# EXERCISE GOAL
Reproduce all of the entries below exactly, without images.
***** INFORMATION GIVEN *****
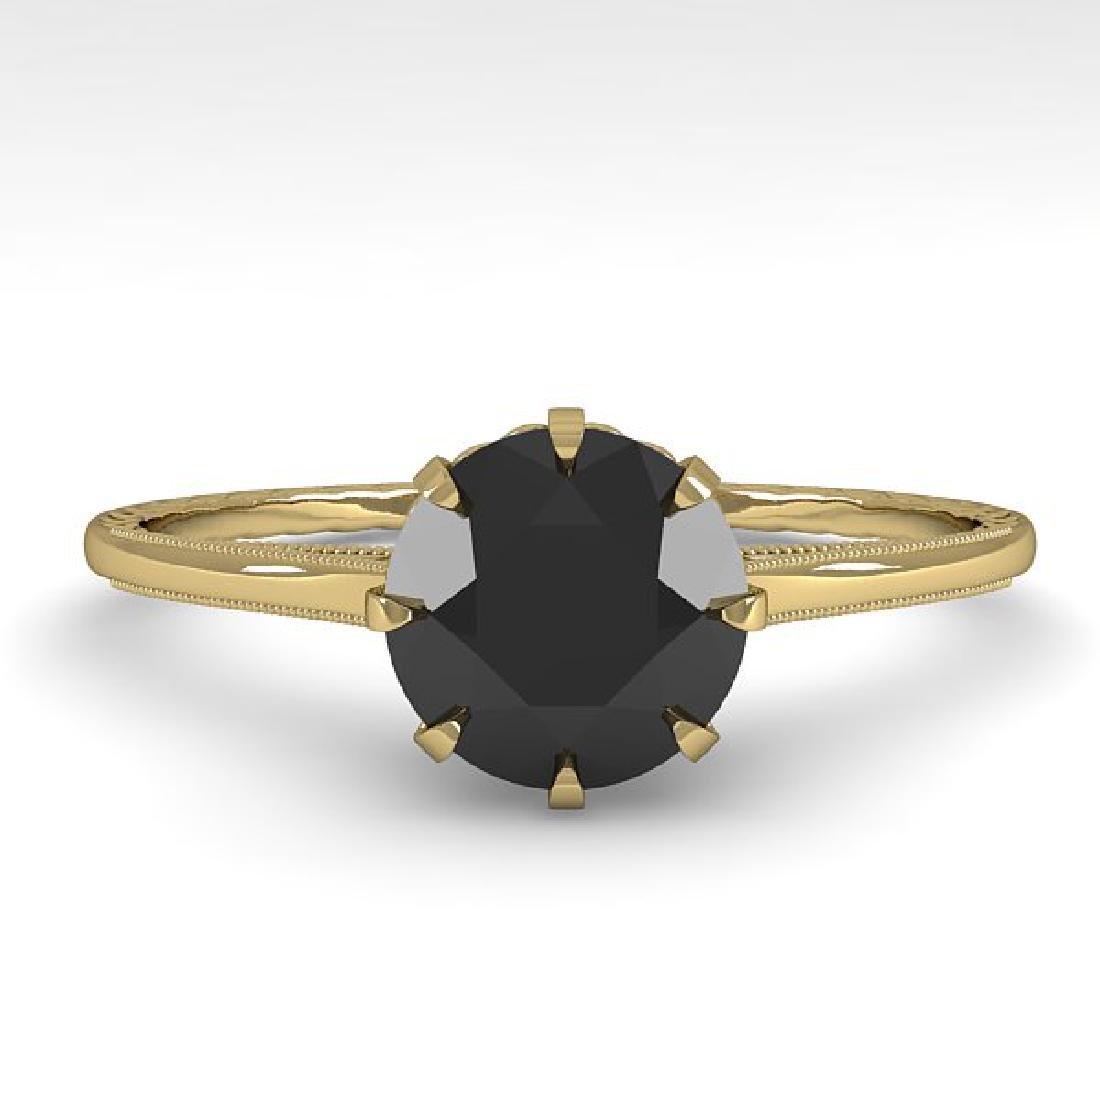 1.0 CTW Black Diamond Solitaire Ring Vintage 14K Yellow
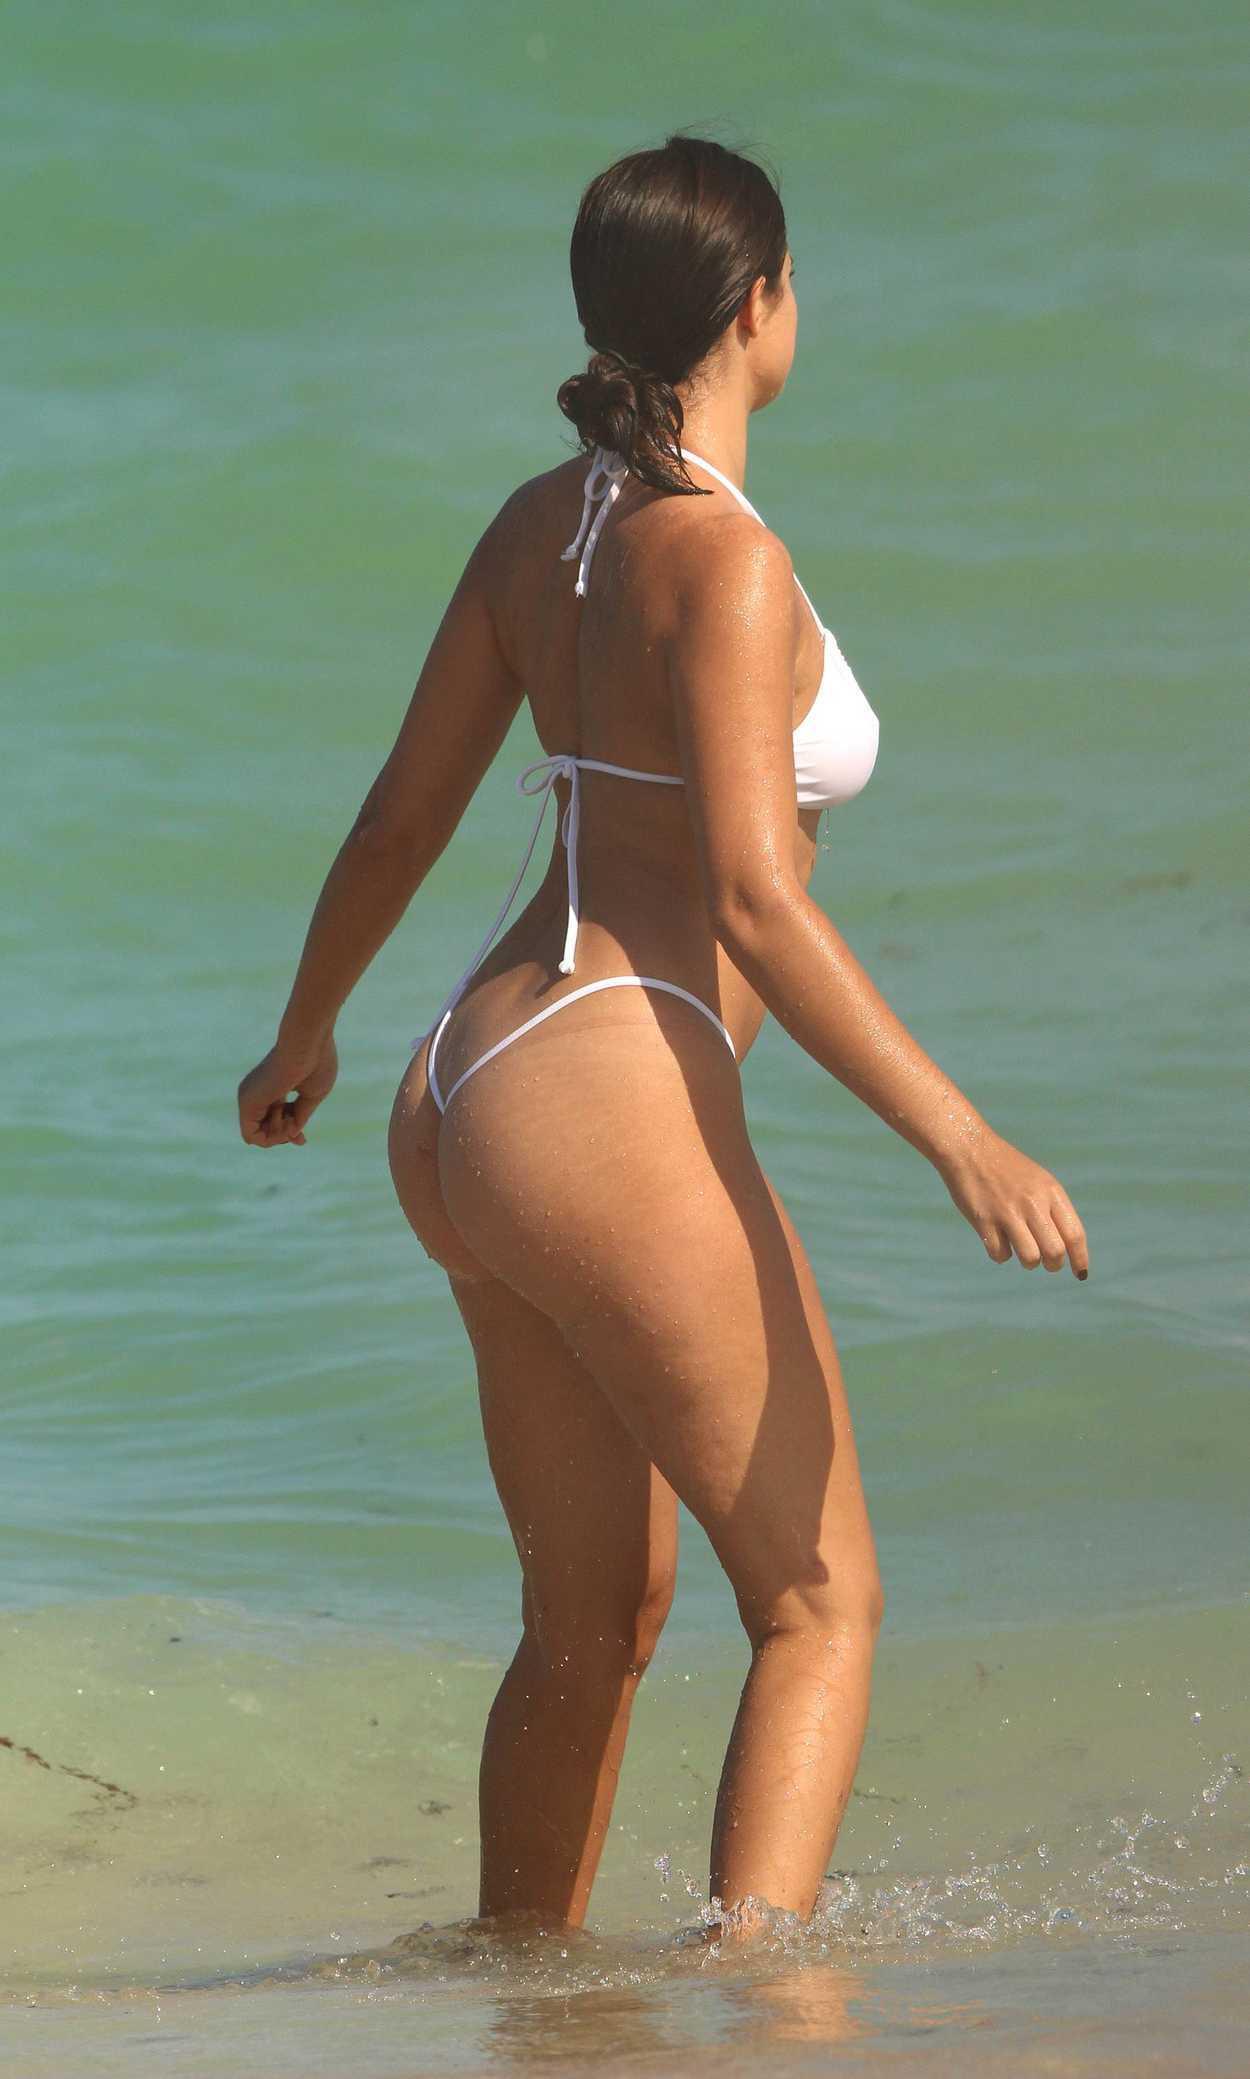 Tao Wickrath in a White Bikini on Miami Beach 2 Pic 8 of 35
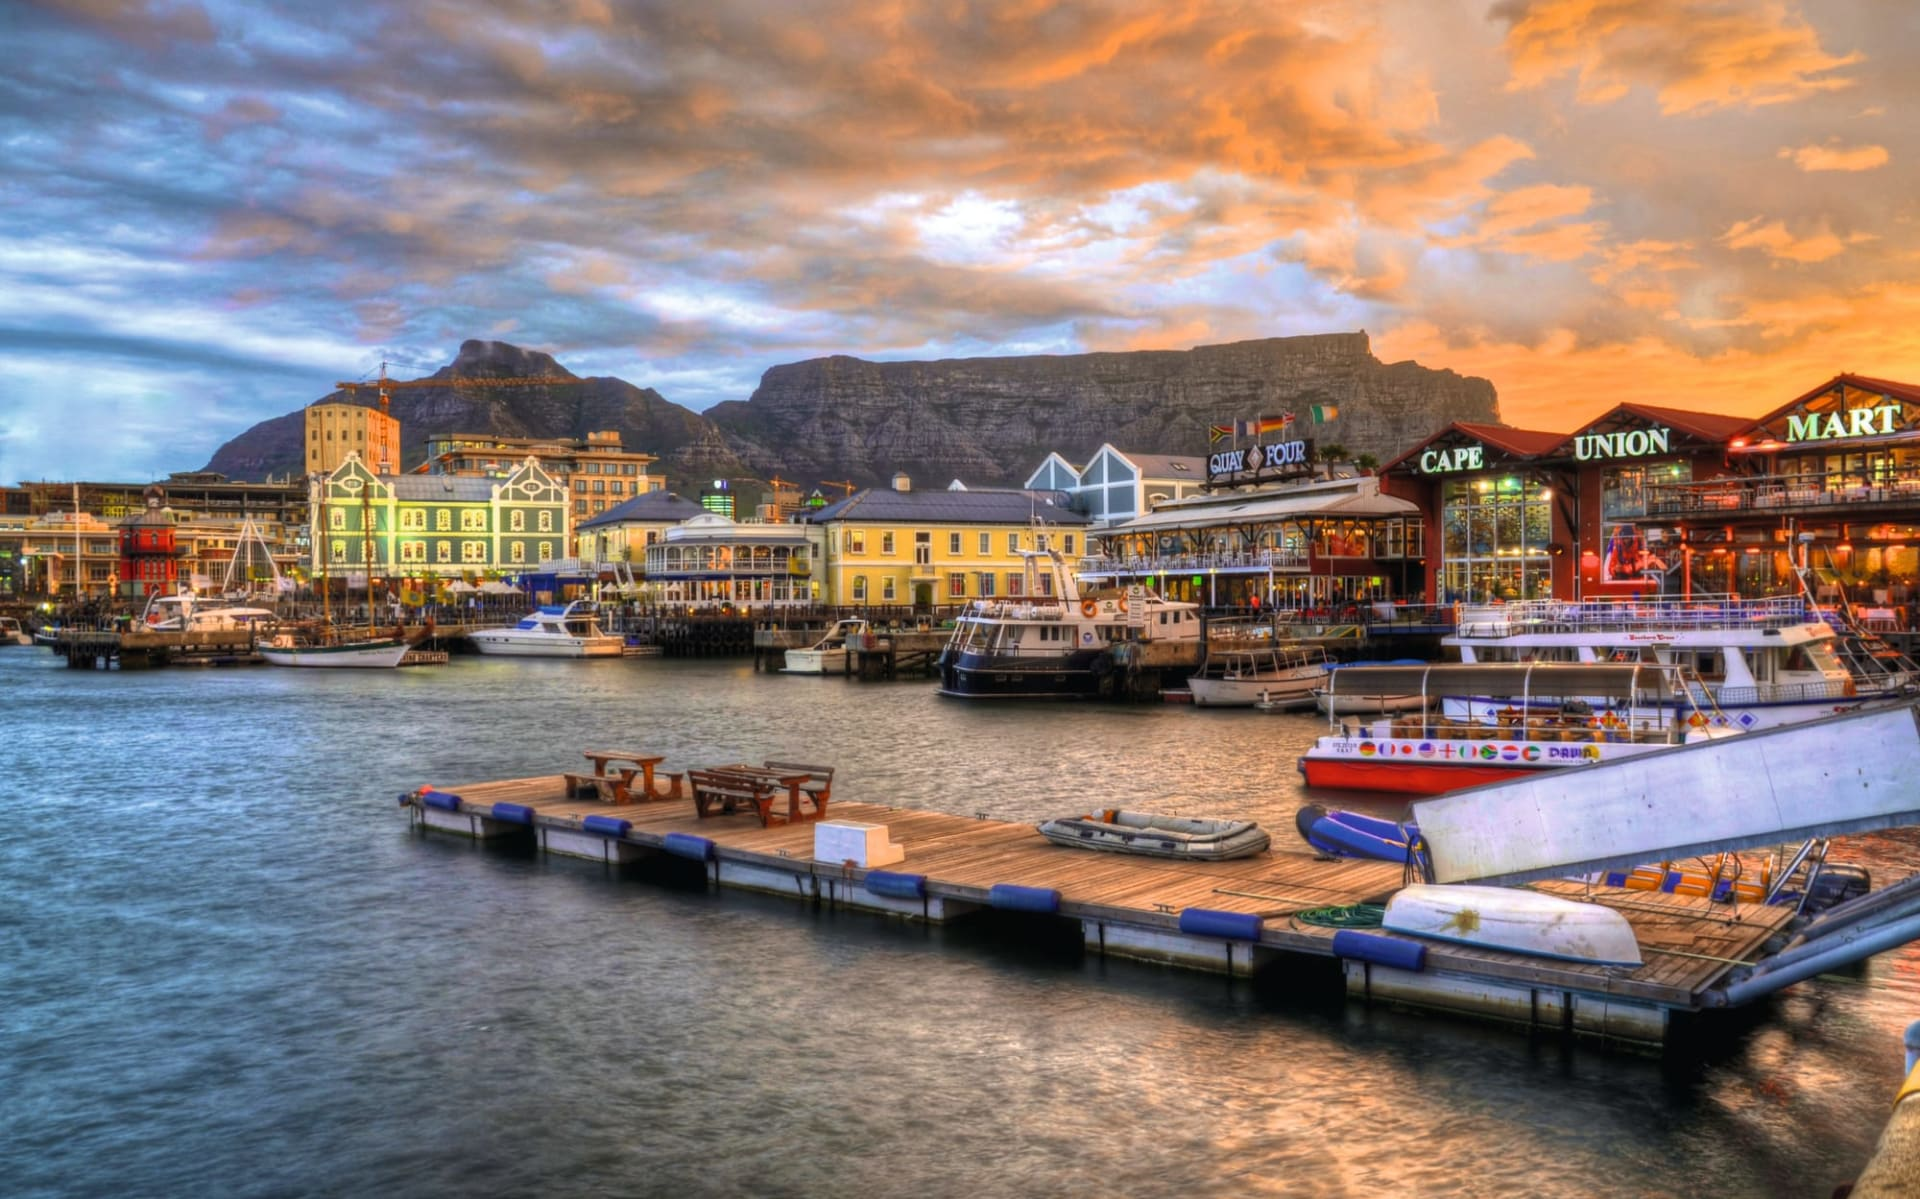 Victoria & Alfred Hotel in Kapstadt: stadt Kapstadt - Victoria&Alfred Waterfront bei Abenddämmerung c Fotolia_69440448_Subscription_Monthly_XL
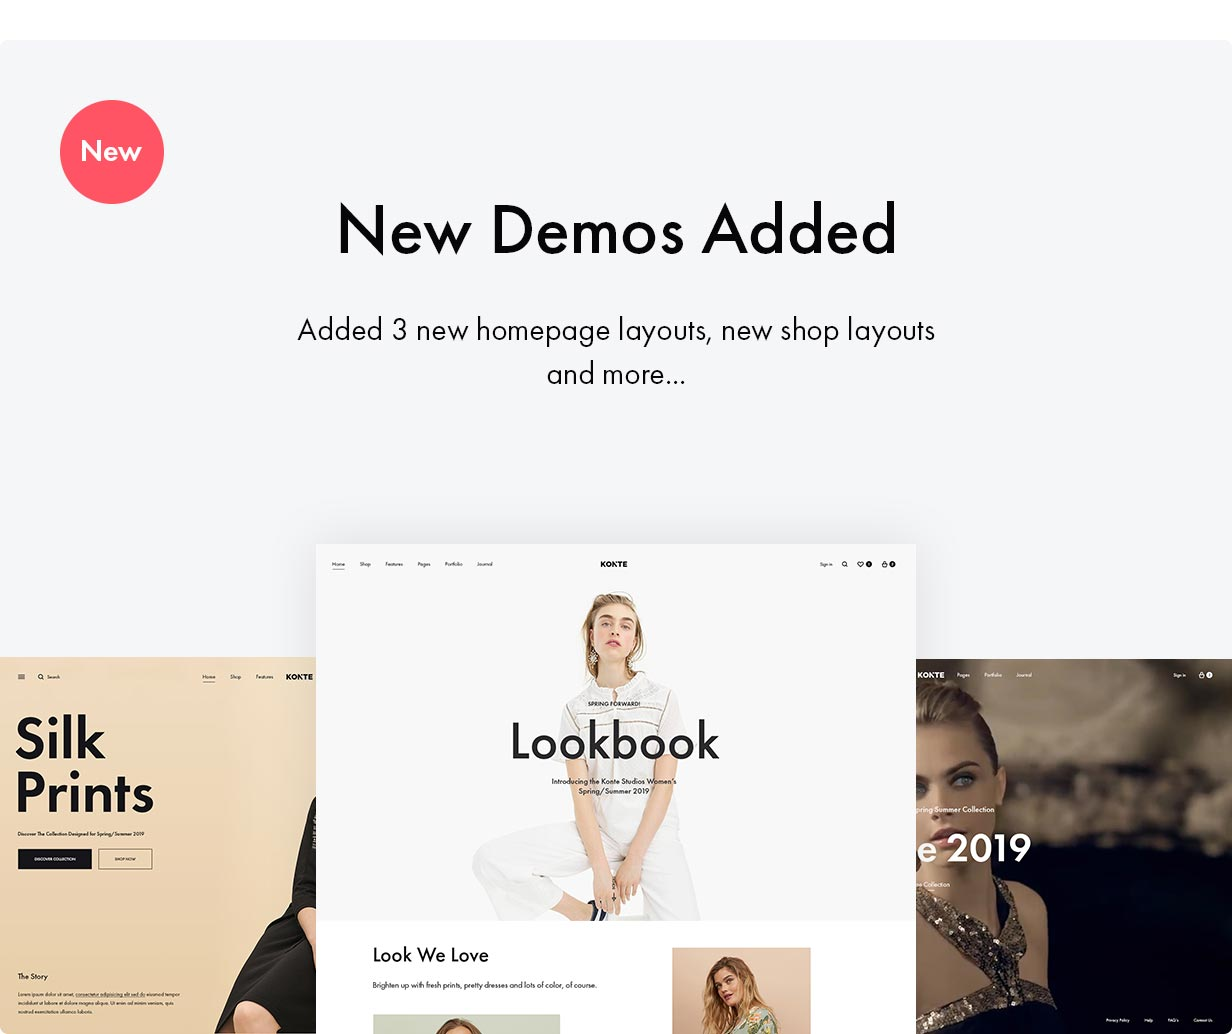 Konte WooCommerce theme - New demos added in verison 2.0
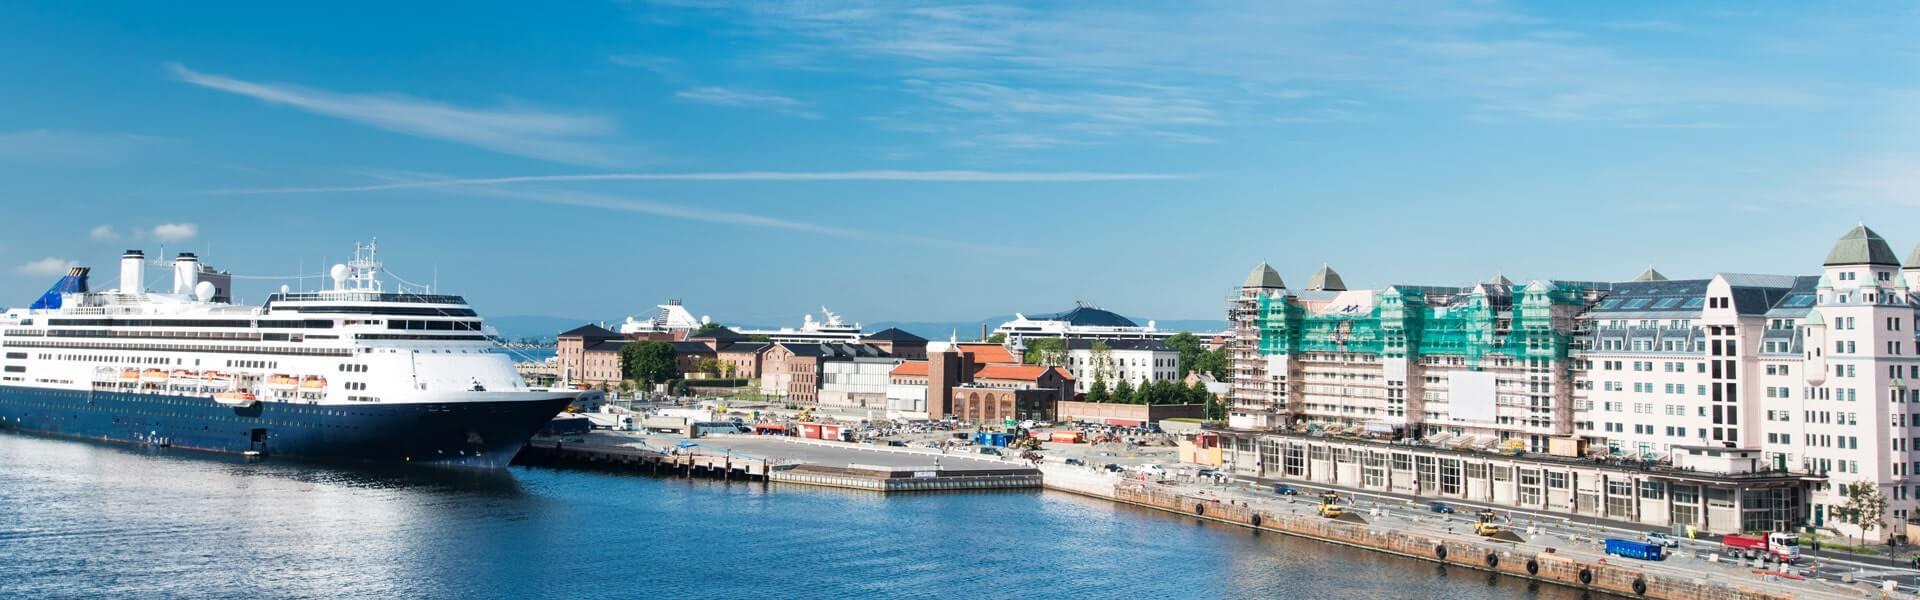 Incentive Reise nach Oslo mit b-ceed
*****
# OUTPUT BELOW
 1.0 CTW Black Diamond Solitaire Ring Vintage 14K Yellow
 Tao Wickrath in a White Bikini on Miami Beach 2 Pic 8 of 35
 Victoria & Alfred Hotel in Kapstadt: stadt Kapstadt - Victoria&Alfred Waterfront bei Abenddämmerung c Fotolia_69440448_Subscription_Monthly_XL
 Konte WooCommerce theme - New demos added in verison 2.0
 Incentive Reise nach Oslo mit b-ceed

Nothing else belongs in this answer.